La llegada a Lisboa, lo del cuartel general en Cáceres, la acción de Ciempozuelos y la rápida retirada a principios de 1937. El reportaje elaborado a mediados de los años setenta muestra una España más pobre de pastores con boinas y viudas uniformadas de negro en la que los autores aún pudieron encontrarse con gentes que vivieron la participación de las tropas irlandesas en España. Por cierto y sin querer hacer sangre por ello, es interesante ver como un alcalde franquista de capital de provincias de la época hablaba inglés mejor que la mayoría de los políticos españoles de la actualidad. Inevitable la referencia al alcohol y curiosa la circunstancia de que su primera acción de combate fuera un tiroteo con tropas de su propio bando por un malentendido.

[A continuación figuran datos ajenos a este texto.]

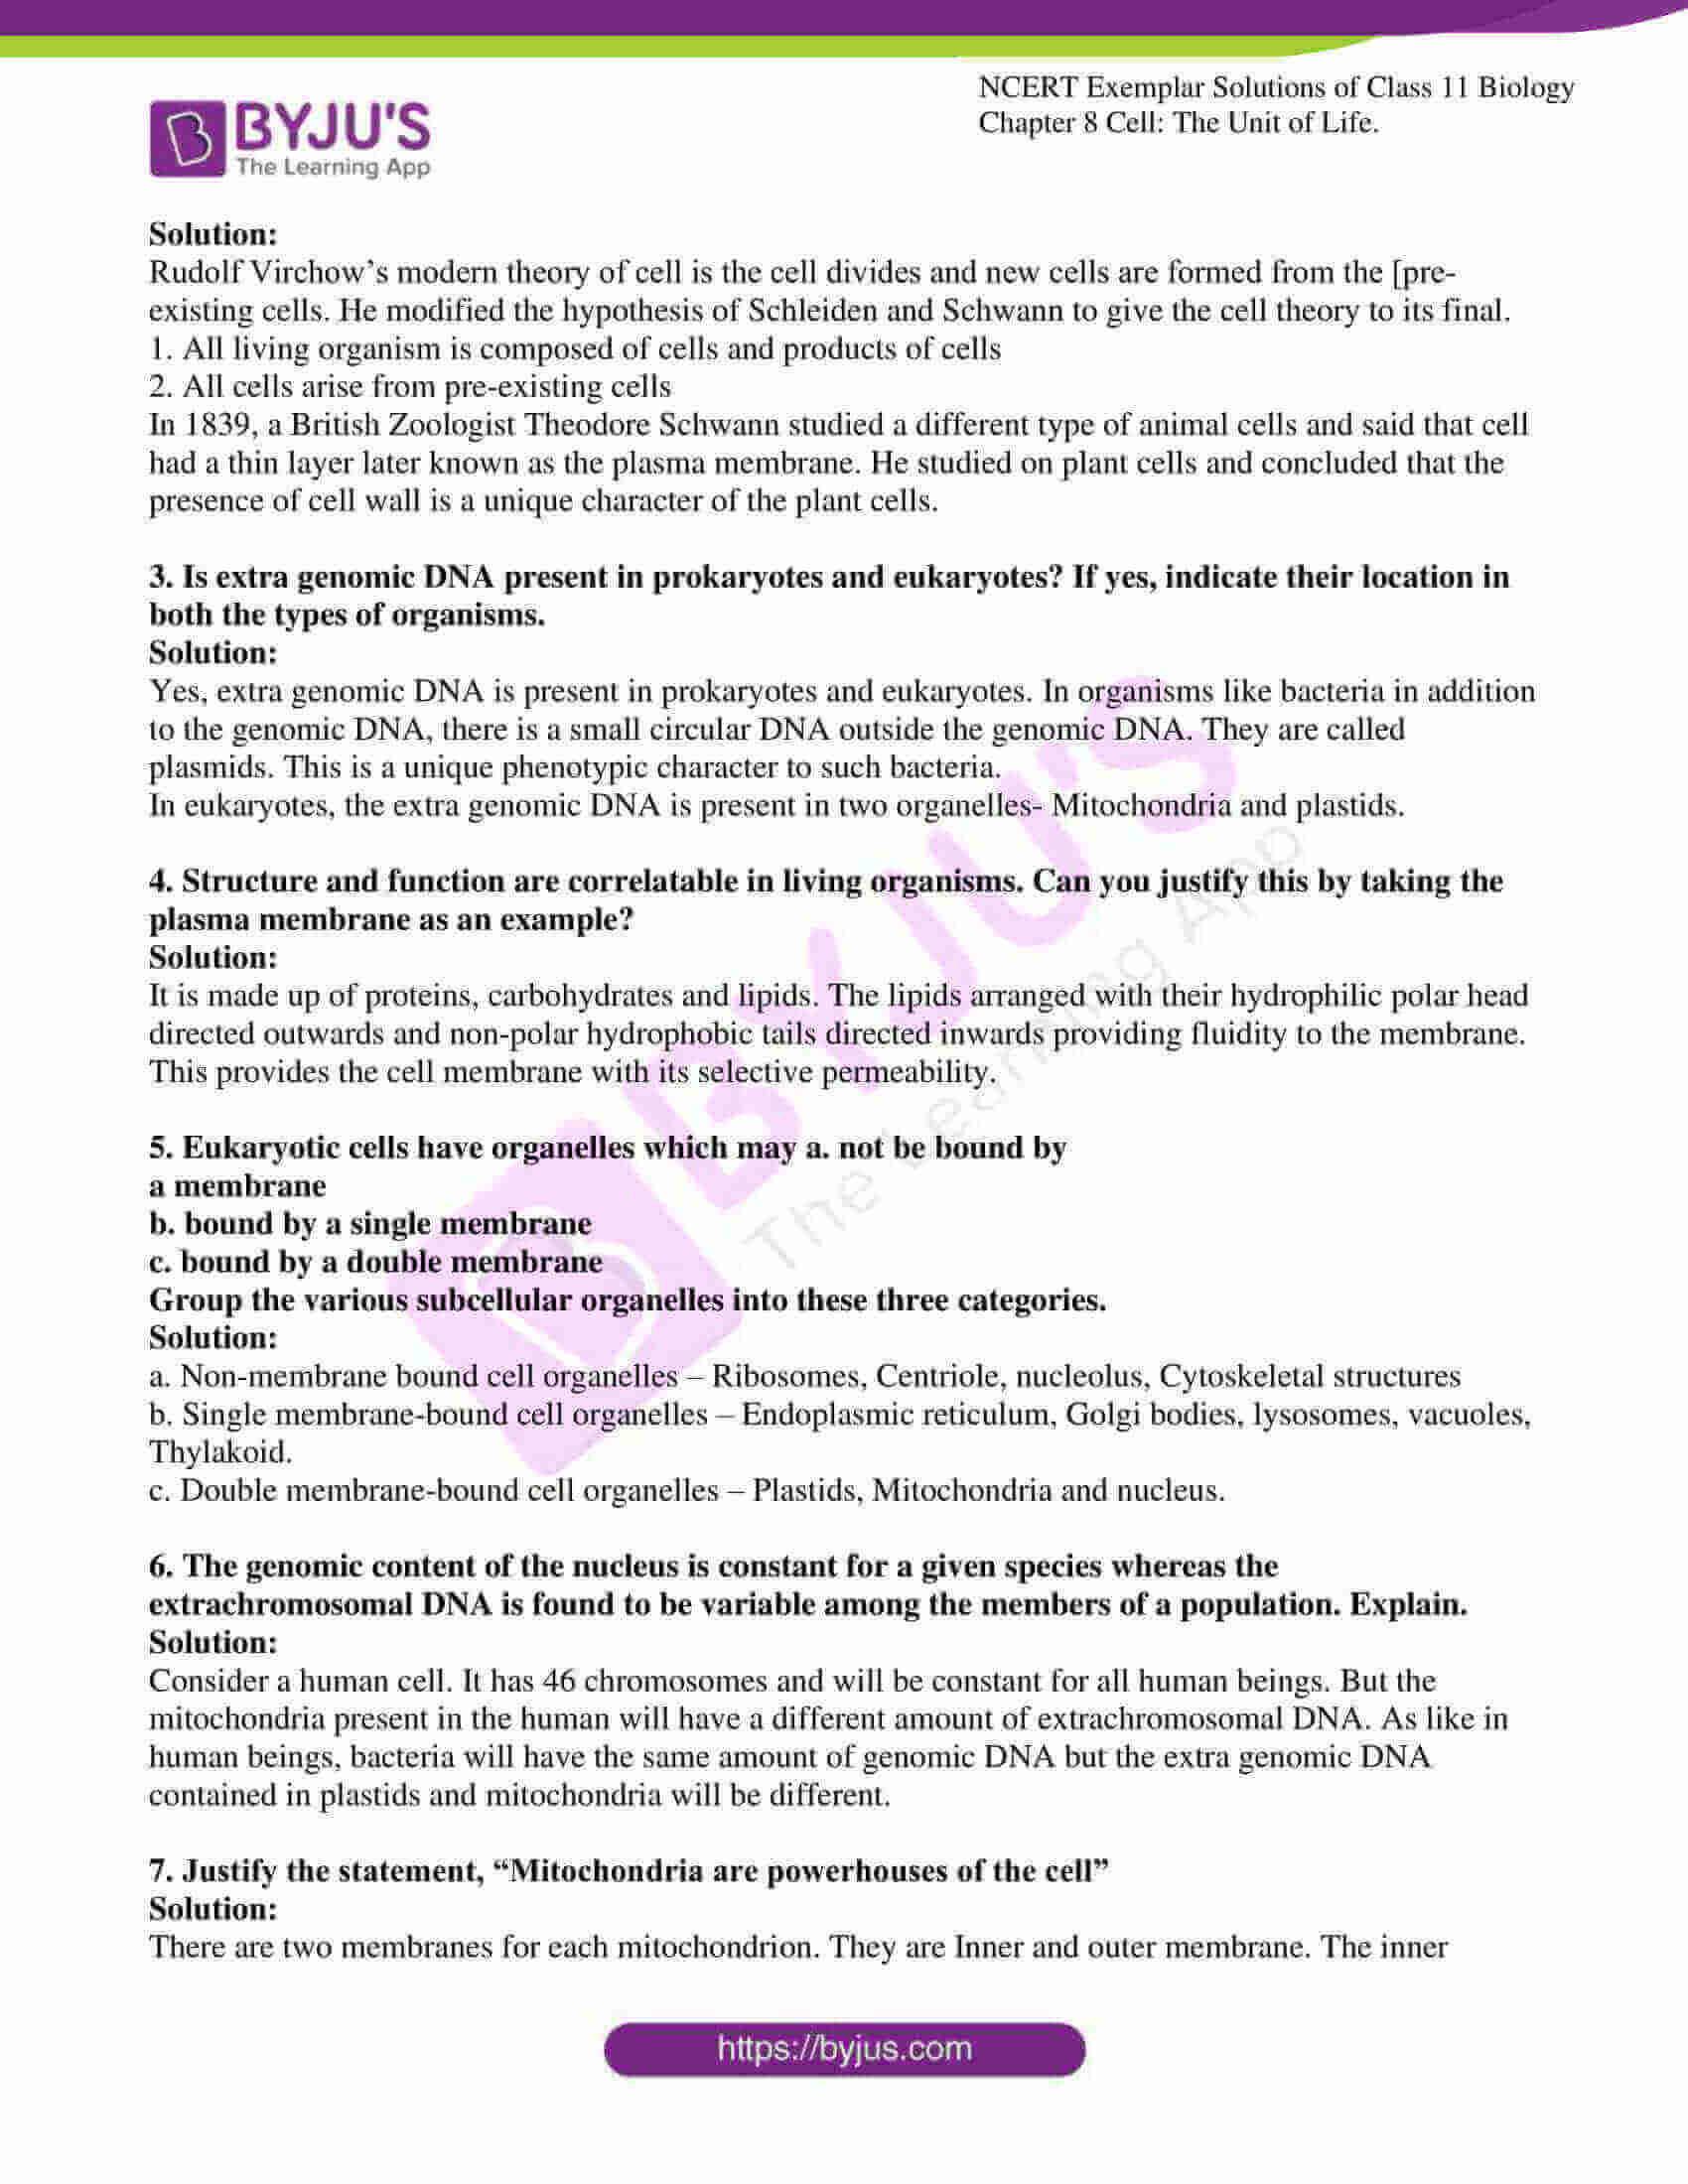 ncert exemplar solutions for class 11 bio chapter 8 6

De los ciento cincuenta irlandeses del otro bando había leído más cosas. En parte por conocer mejor la historia de las Brigadas Internacionales y también porque hace unos años leí la biografía de Bob Doyle, que había muerto poco antes. Fue el último de los brigadistas irlandeses en morir y hacia 2007 todavía daba conferencias. Por aquellos años consulté y al parecer todavía vivía uno de los hombres de la Bandera. Los irlandeses que apoyaron a la República llegaron cada uno como pudo y lucharon en diferentes lugares como el Jarama, Belchite y el Ebro. A diferencia de lo que les ocurrio a algunos italianos en Guadalajara, nunca se enfrentaron directamente a sus compatriotas en el otro bando. El libro de O’Riordan sobre la columna Connolly puede conseguirse con facilidad. Por lo que he ojeado, me parece que nunca se sabrá qué ocurrió con Frank Ryan. El vídeo se lo recomiendo a gente como yo, aunque quizá no haya tanta.